En épocas convulsas se necesitan definiciones: estar con un bando o con el otro; disparar o no; correr a esconderte o pelear por tu vida; incluso, quedarte en medio del campo con una banderita blanca. Cualquier decisión implica un riesgo. Y vale más saber dónde te paras en la batalla. Porque el peor lugar para estar en el tablero es el del peón de un juego que ni siquiera sabes que estás jugando
Mi abuela fue una mujer que estudió medicina cuando las mujeres no iban a la universidad y cuando había que estudiar con velas porque no había luz eléctrica en todas las casas. No terminó la carrera porque al llegar a la clase de anatomía descubrió que abrir cuerpos y ver muertos no era lo suyo. Que lo suyo era cuidar a los vivos.

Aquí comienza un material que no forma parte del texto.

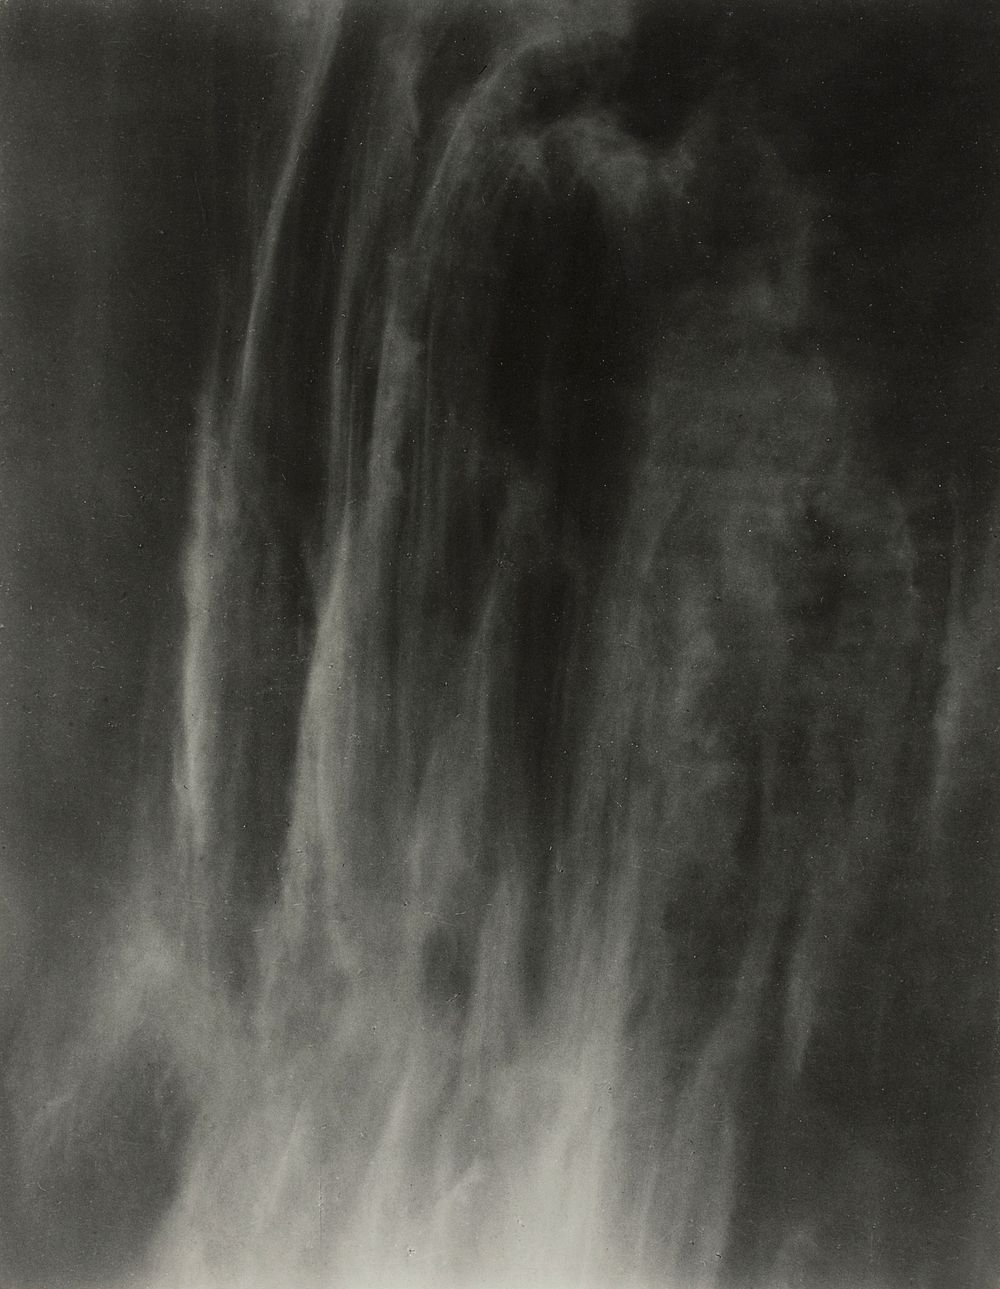 Equivalent (1925) by Alfred Stieglitz. Original from The Art Institute of Chicago. Digitally enhanced by rawpixel.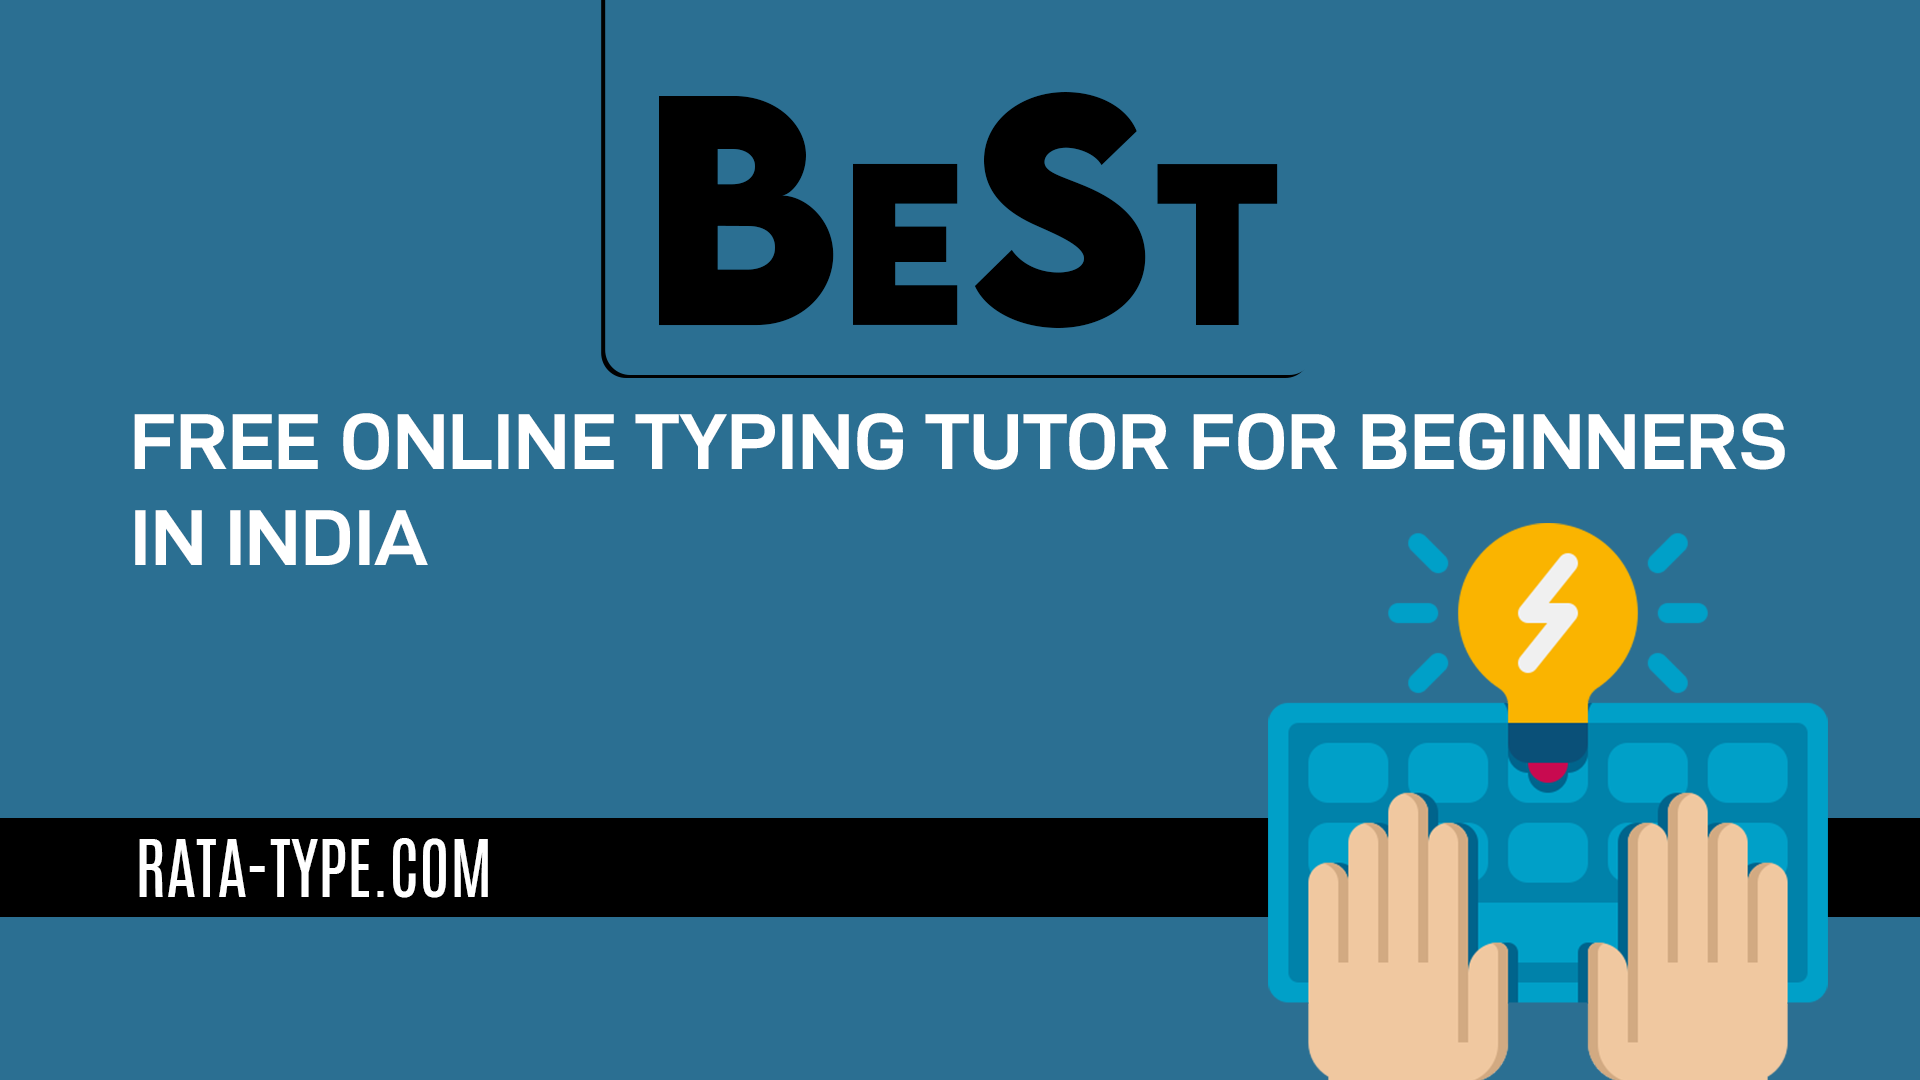 Best Free Online Typing Tutor for Beginners in India

Así que se casó con mi abuelo, tuvo 10 hijos, 29 nietos y un montón de bisnietos (perdí la cuenta cuando llevaba 50) a los que acogió en una familia profundamente matriarcal que gira en torno a la comida.
Siempre me contaba, mientras limpiaba los frijoles o nos ponía a descabezar el maíz para el pozole, que ella tenía horario para ser madre: “A las 8 de la noche, el que me diga mamá, le pego”, decía que le decía a sus hijos, para mi deleite infantil.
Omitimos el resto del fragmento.